Asked to share "our story," we spoke honestly and from the heart, though I think how we ultimately matched with V. and brought Dylan home is more interessting than how we actually related it all. We need to hone our story-telling skills!

The questions from the group were good. One person asked what we know now that we wish we'd known when we were in their seats. At first we responded with some technical tips about the arduous process to get "in the books." Then upon further reflection, I said two things.

First, I had kind of expected that when we final "got" our baby, there would be this magical moment when he was placed in my arms and he felt like ours. That single, special moment never came. Instead, because of our attachment to his birth mom and our desire for the match to continue to progress smoothly, for us the moments immediately following his birth were just as much about her and how she was doing as they were about him. And oddly enough, I am glad for that. We will have a liftime of magical moments with our son. But V. was our focus at a time when she really needed us.

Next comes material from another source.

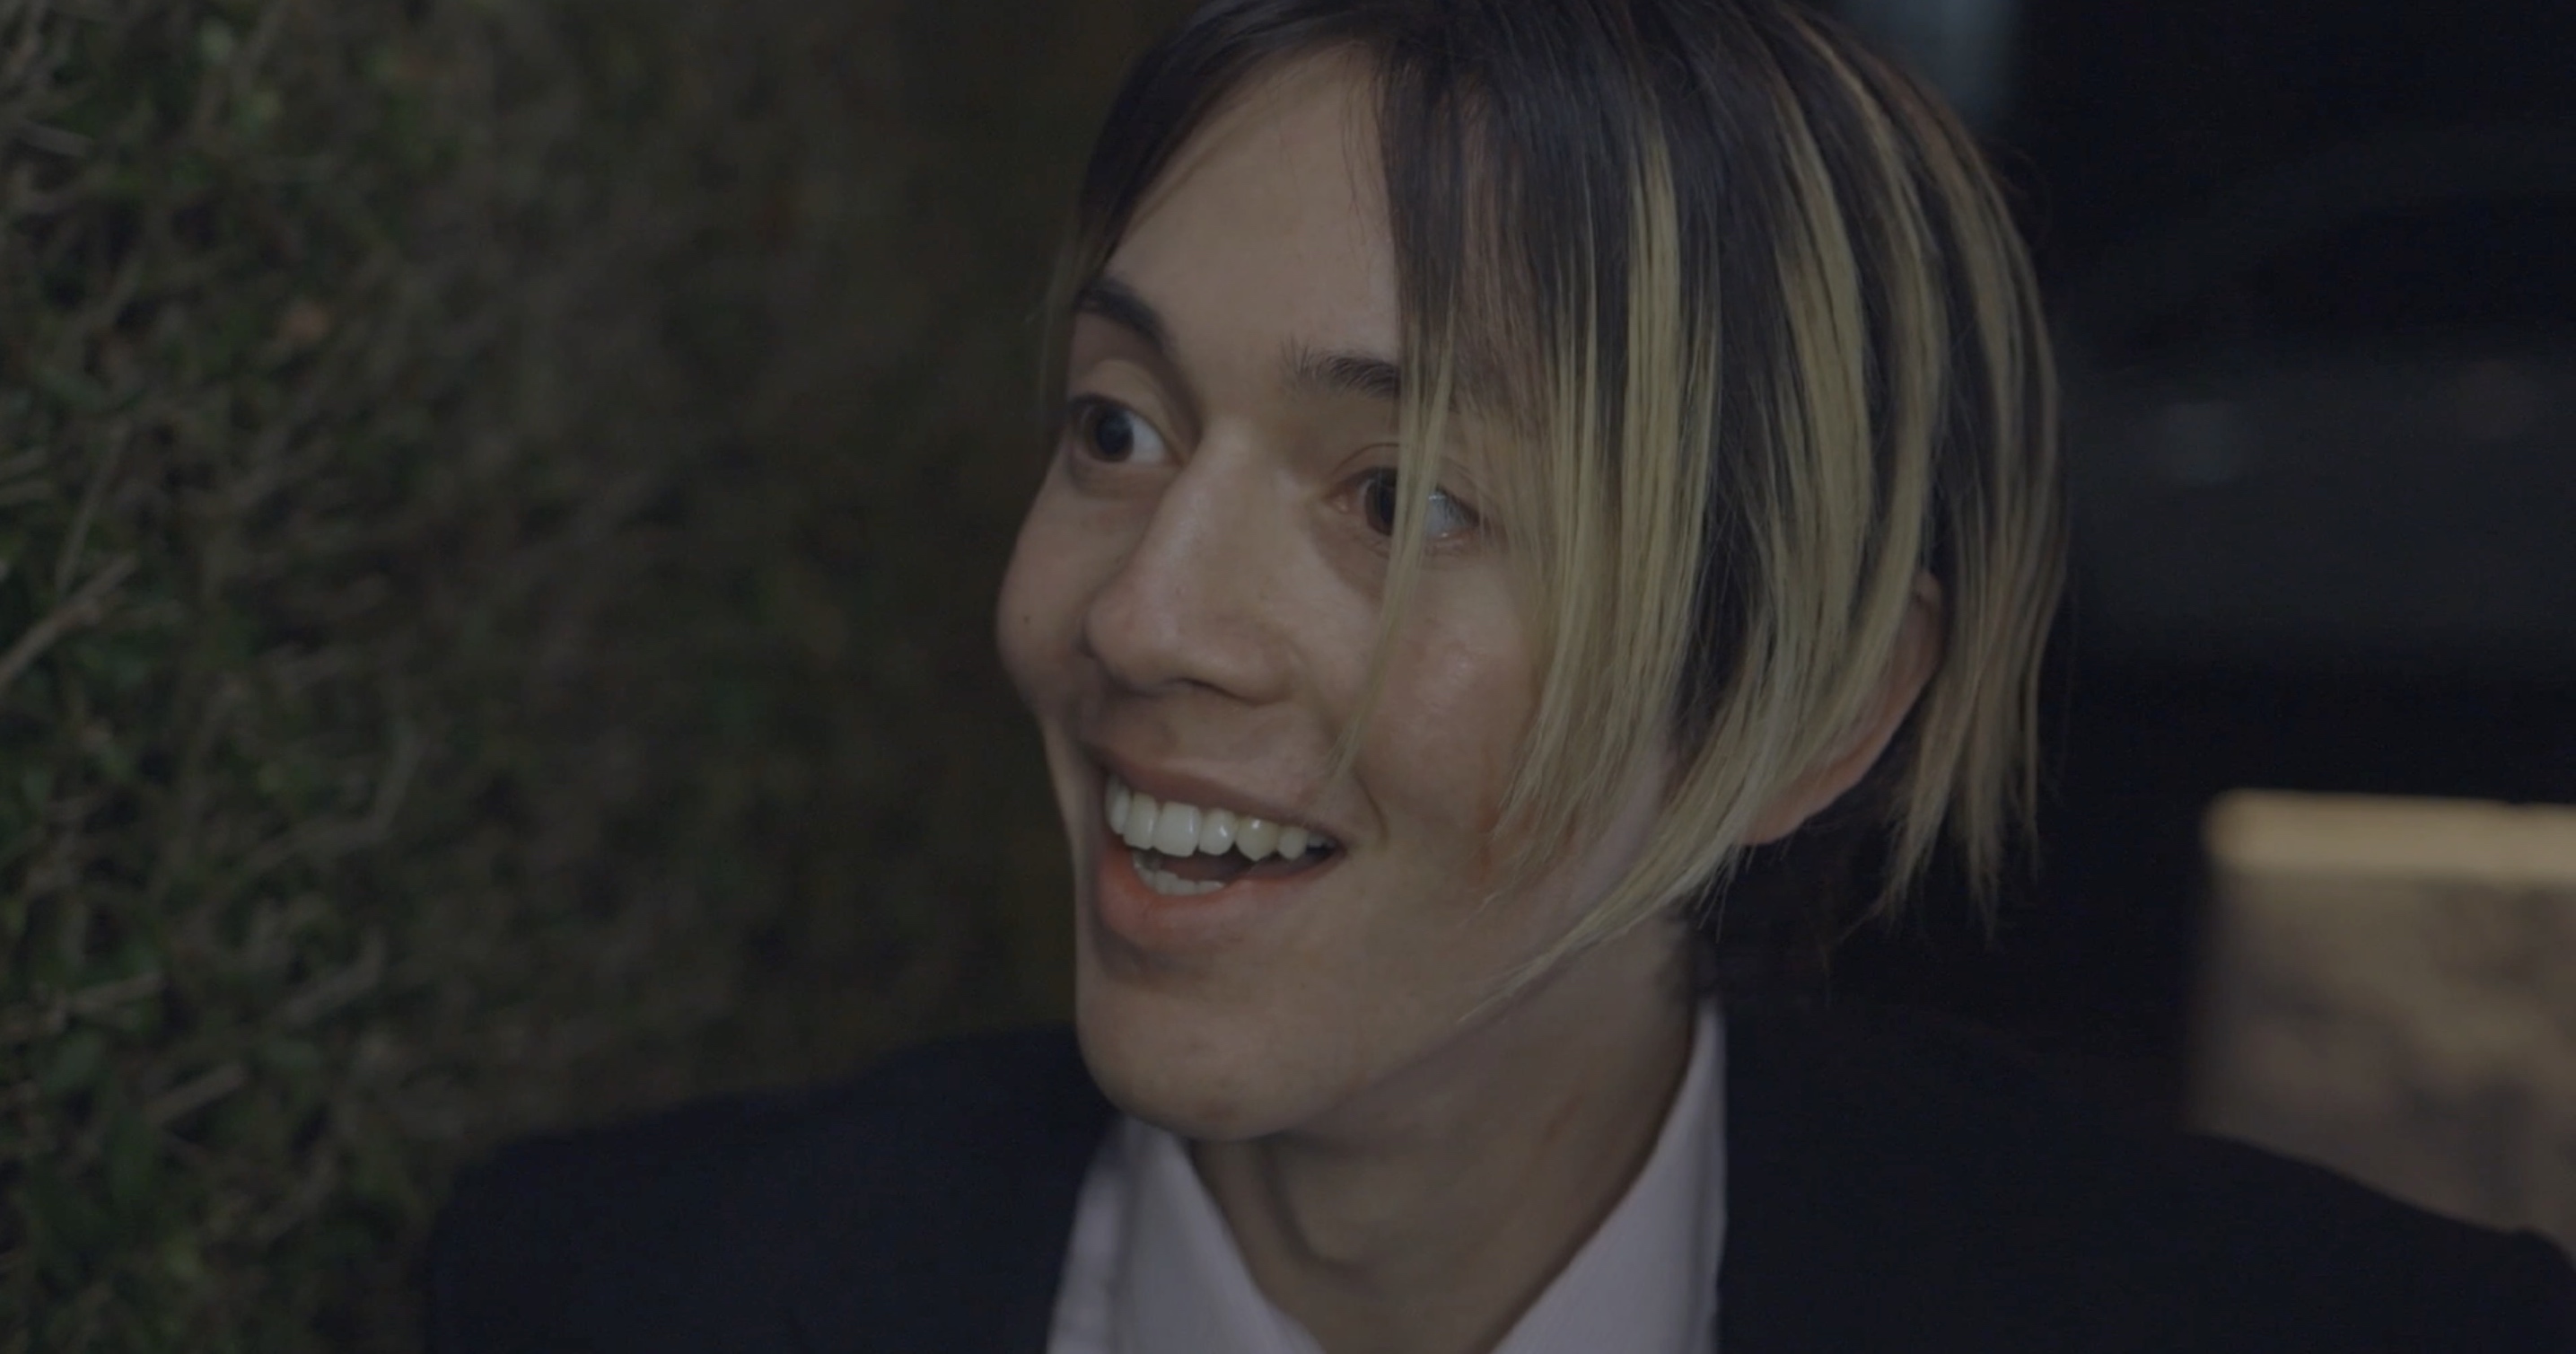 Link image to a Production Showreel featuring 4 individual short films produced by Alex Jones. The image shows a closeup of a smiling character

After our talk, one of the participants thanked us and said that she now realizes she and her partner need to progress with more thought about what they can offer a birth mother than what she can offer them. So, that reframing is a good thing, I think.

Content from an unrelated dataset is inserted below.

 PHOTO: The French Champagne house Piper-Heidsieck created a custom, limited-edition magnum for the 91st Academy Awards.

Second, for a long time I've recognized that I attempt to manage my stress by fighting to control things around me. Part of that is struggling to anticipate things I can't possibly predicct. During our long wait, I spent ungodly amounts of psychic energy trying to guess how things might unfold so that I might have a chance to better prepare for them emotionally and otherwise. However, at some unidentifable point shortly before Dylan's birth, things became so unpredicatable, I just had to stop fighting and go with the flow. Looking back now, that made it so much more enjoyable. While I don't think its in my nature, I wish I hadn't tried so hard to figure everything out much sooner. I told the group that I wish I'd known there was NO way I'd guess how my baby would come to me and trusted more that however it happened - as long as it happened - I'd be okay.

Of course, throughout the whole session, Dylan was adorable. I think I caught in a few people's eyes that same baby lust that the little guy in the session we attended 24 months before had tiggered in me. I must admit, it was so gratifying to show off my son.

..and Tell

Like most new parents, when we are out and about with our little guy, he attracts lots of attention. People want to know what his name is, or especially how old his is. They often comment on how much hair he has and his gorgeous dark eyes.

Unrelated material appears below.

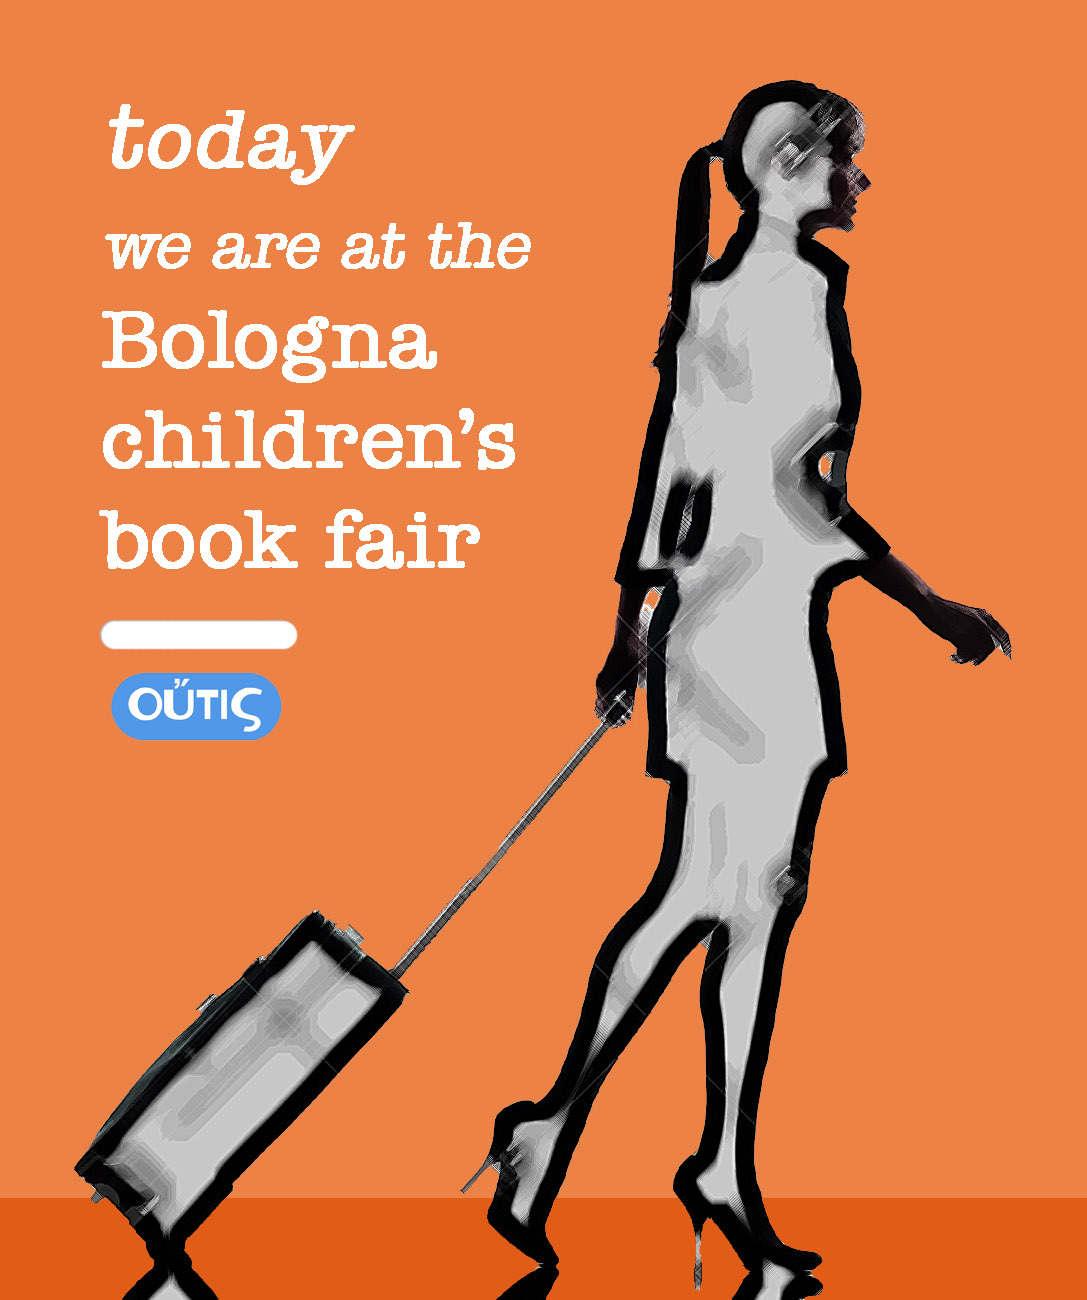 Today we are at the Bologna children’s book fair

And when people make these comments, there's always a little something in me that wonders if I should share that he is adopted. If I know the people, or the conversation becomes more involved, I will usually say something. More and more, though, I just say thank you...without adding, "he's adopted, so we have nothing to do with how cute he is."

Recently I noticed that I feel less driven to share that he was adopted when I am out alone with Dylan. When M. and I are together and Dylan attracts attention, I feel more compelled to reveal the special way he joined our family. What's weird is that I think this relates to some kind of latent fear of the questions that might come up when people can see that this little boy obviously came from some other gene pool than his parents'. I want to pre-empt any odd assumptions or awkwardness.

I hope this is something I get over soon. I'm surprise by how challenging I am finding it to navigate the issue of when to try to "pass." I know that when to share what with who about a child's adoption is a hot top with ambigous answers. Ultimately, I want Dylan to make the decisions about disclosing that information. But until then, I need to work on my own feelings and language related to "telling."